Thursday, January 27, 2011

Bishop Iker Files for Stay of Orders

Attorneys for Bishop Jack L. Iker of Fort Worth have now filed a request with Tarrant County Judge John Chupp for a stay of the orders he issued last Friday, January 21. A hearing on the request is scheduled for next Tuesday, February 1st, at 10:00 a.m.

The stay request is based on a number of objections to the orders, described in the papers just filed, which may be downloaded from the link just given.

[UPDATE - 01/26/2011: Note one of the problems that comes from blindly signing one side's pro forma order - since they are not interested in being impartial, they are likely to overreach, without any thought given to what the law allows. ECUSA's order ended with the command that Bishop Iker and his diocese hand over all their assets within so many days, and left a blank for the judge to fill in whatever number he decided was right. The judge wrote the number "60" in the blank, instead of crossing out the paragraph itself, which would have been the appropriate thing to do under Texas law and precedent. The objections point out (last two paragraphs) that such an order before there is a final judgment disposing of the entire case transforms the court's ruling on the declaratory cause of action into a temporary injunction, which the plaintiffs did not formally request, and which was not issued in accordance with procedural requirements for such injunctions. This is one more strike against the judge's orders on appeal.]
The request points out the massive disruptions possible if the orders are not stayed pending appeal, and serves to indicate some of the extent of the interests which are at stake in the litigation:
Defendants will suffer irreparable injury if this Court's order for the Defendants to "surrender all Diocesan property" to the Plaintiffs is later reversed on appeal. By way of example:
• The Plaintiffs deposed 57 ministers of Defendant congregations in 2010 (see attachment A), and declared that they "shall be deprived of the right to exercise the gifts and spiritual authority of God's word and sacraments." If parishes are immediately transferred to the Plaintiffs, these pastors may not be allowed to minister at these churches pending appeal. Due to the number, it is unclear how TEC can replace them all.

• Parishioners loyal to Bishop Iker may do what parishioners loyal to TEC did in 2008: leave. The Defendant parishes have about 5,600 people in average Sunday attendance; those attending Plaintiff congregations number only a fraction of that amount. The effects of the Court's interim orders on church buildings, budgets, and bank notes could be catastrophic.

• Even if they don't leave, parishioners may stop giving because they do not want to place offerings in TEC's hands. This again could have catastrophic effects on scores of pastors, staff, and families who depend on these gifts for food, clothing, and shelter. How can such hardships be undone if the appellate courts decide the summary judgment orders here were a mistake?

• In many churches, there is no one loyal to TEC. For example, in their First Amended Original Plea in Intervention filed on November 2010, the Plaintiffs listed the names of loyal "representatives" for 12 churches, but listed 34 additional churches as to which nobody appears to have been willing to be a loyal representative for TEC. Who will occupy these churches? What will happen to their condition if they are abandoned? At least 13 families affiliated with the Defendants live in homes owned by the Corporation. As these ministers and staff are no longer recognized by TEC, the Court's orders appear to allow the Plaintiffs to evict them.
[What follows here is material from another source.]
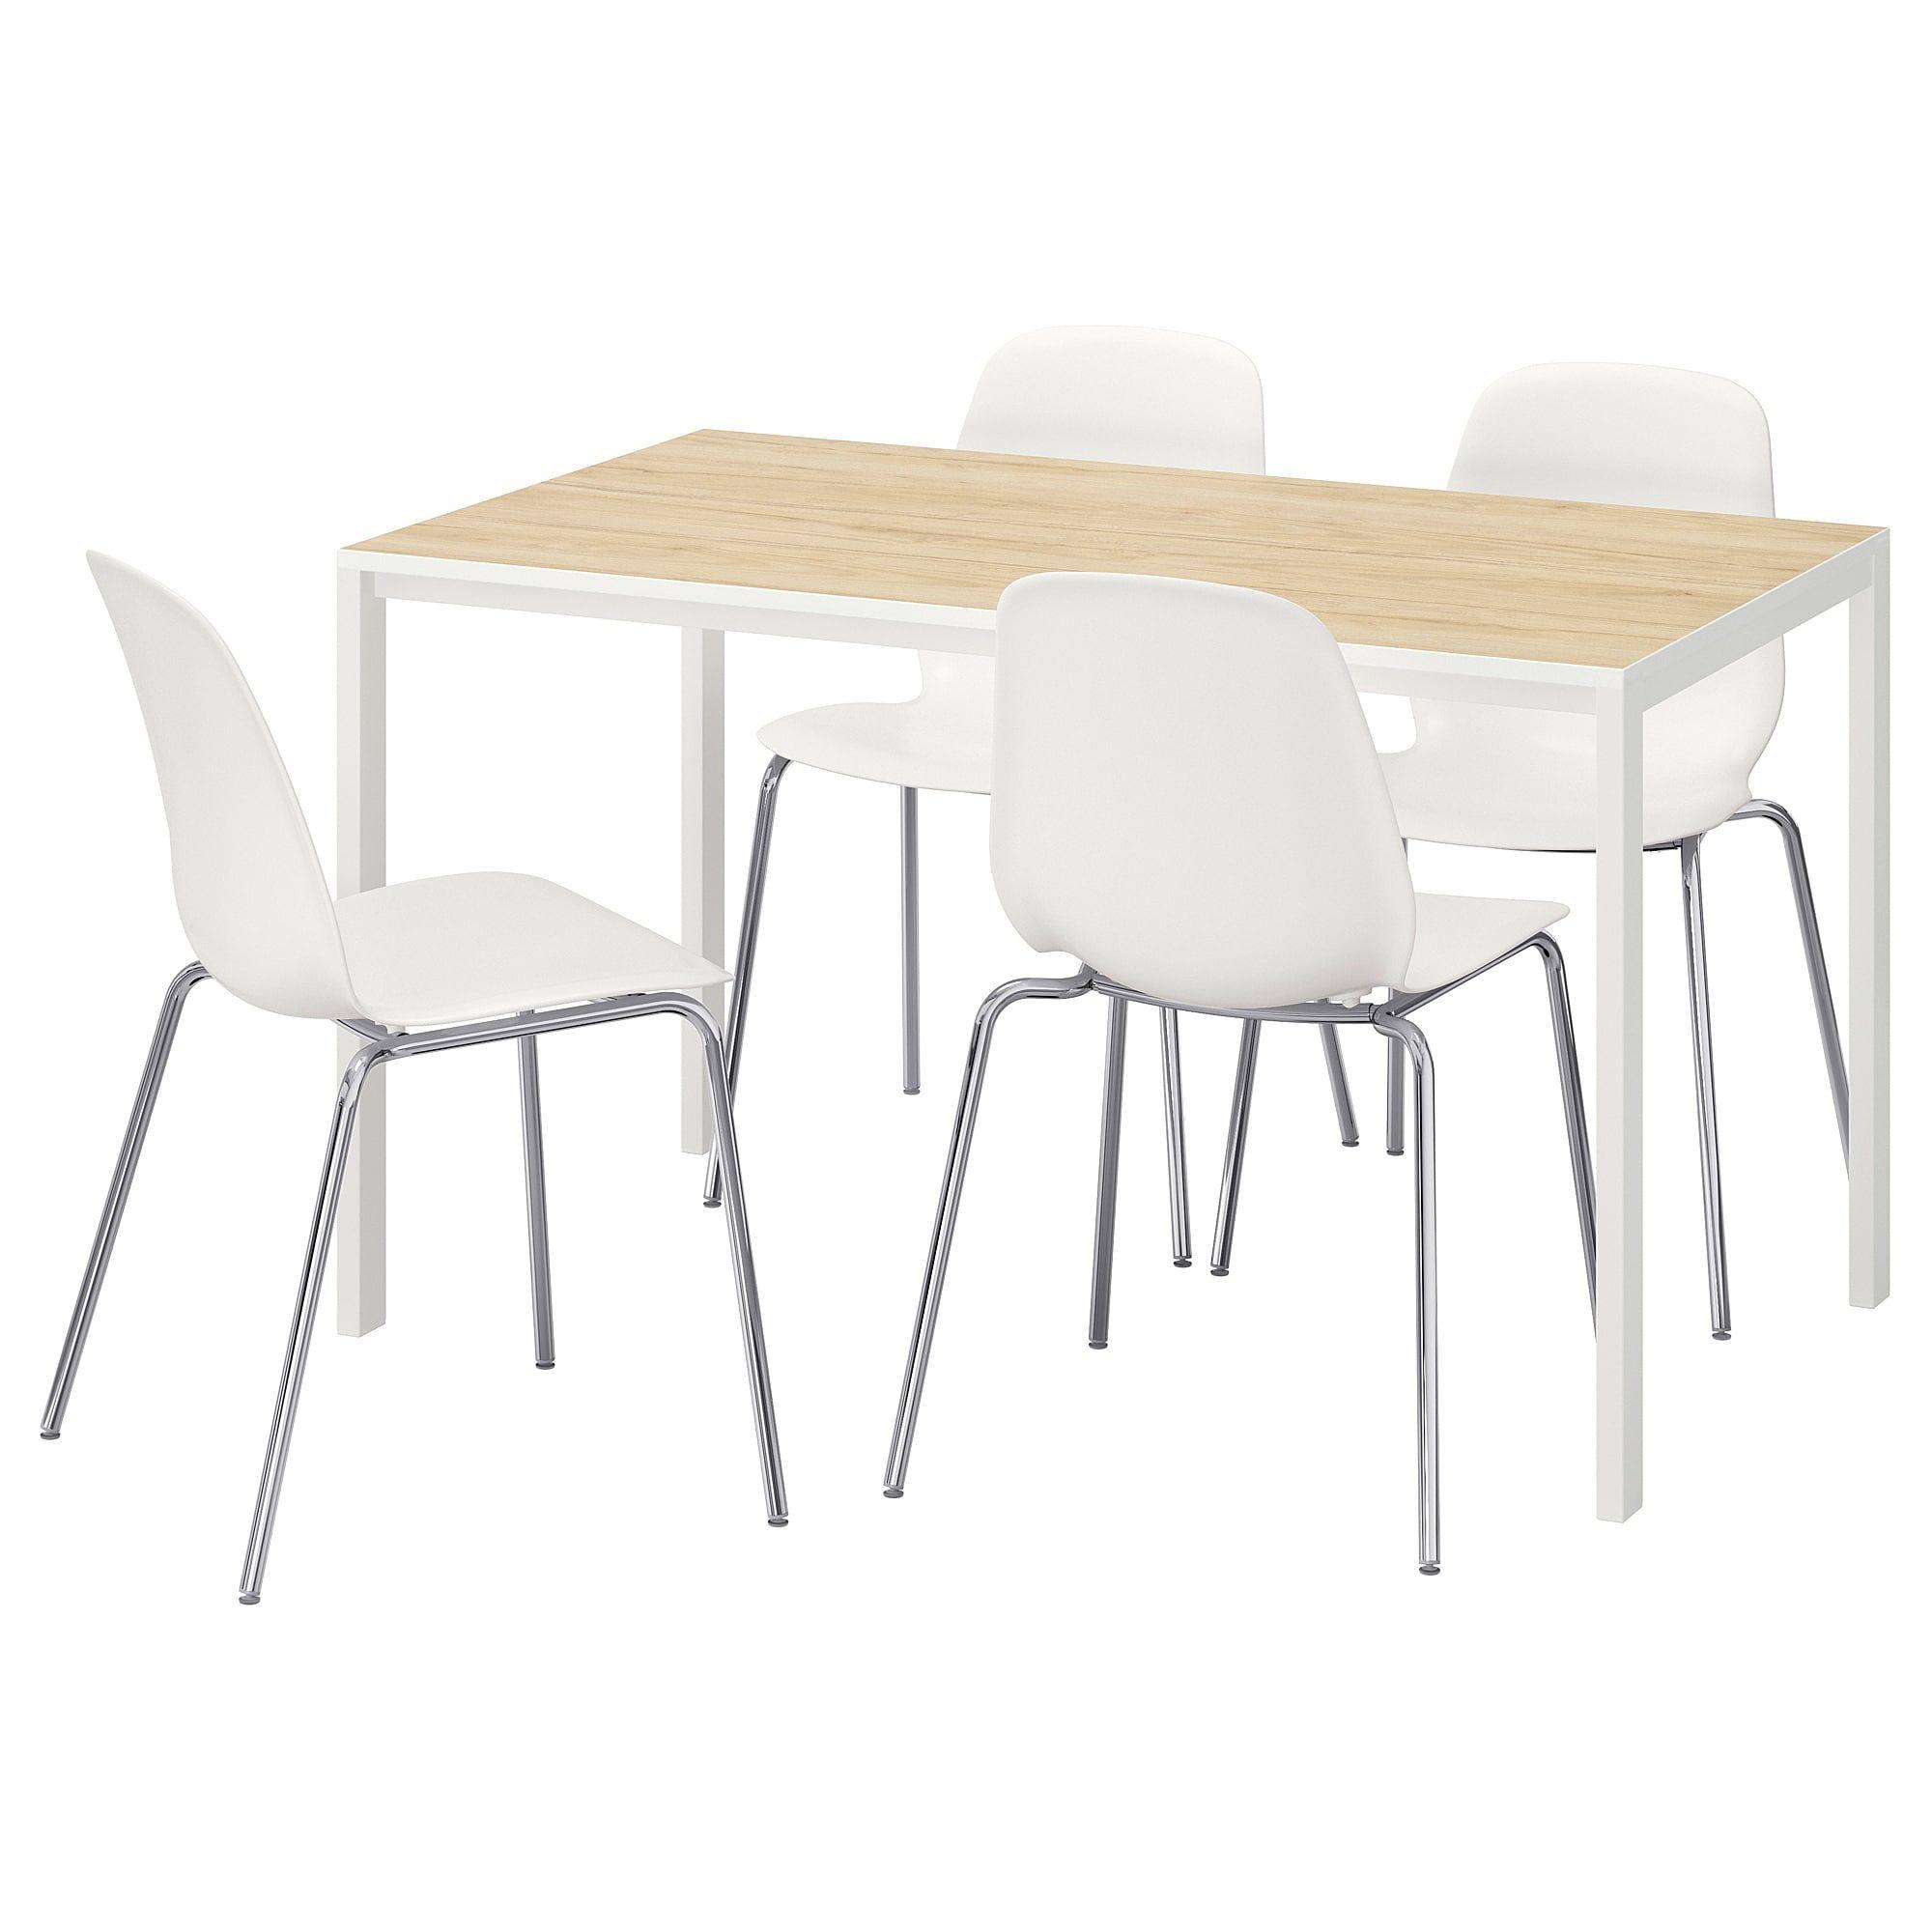 Melltorp Leifarne Tisch Und 4 Stuhle Esche Weiss Broringe

• Almost 200 employees, spouses, and children of ministers and staff are covered by a group insurance policy. If a significant number of these are no longer employed by a local church, their insurance and perhaps that of the entire group may lapse.

• The property here includes schools where classes are ongoing. Surrendering these schools immediately is likely to cause losses of both students and teachers, losses that may be unrecoverable if these orders are reversed after these people are enrolled or employed elsewhere.

• The bishops and staff of both sides must move out of their current administrative offices into new ones, a move that will have to be repeated if the summary judgment order~ are reversed.

• Defendants will have to relinquish personal property owned by the Diocese or Corporation, such as autos, cell phones, office equipment and supplies, computers, and the like without any promise by the Plaintiffs to pay future rentals or invoices related to them, and which can be replaced only by incurring substantial extra expenses.

• Vendors and creditors have relied on the Corporation's books and records regarding which directors are authorized to promise repayment. By unsettling who that might be, the Court's orders will make it difficult for either side to secure credit until all appeals are concluded and it is finally decided who the authorized directors are.
This is why deciding that a diocese cannot leave the Church is not the same as deciding that a parish may not leave a diocese. Dioceses are sizable entities in their own right, with literally hundreds and hundreds of clergy and laity dependent on their continuing function and existence. The relocation of a parish, while painful and inconvenient, is on an entirely different scale than the relocation of an entire diocese.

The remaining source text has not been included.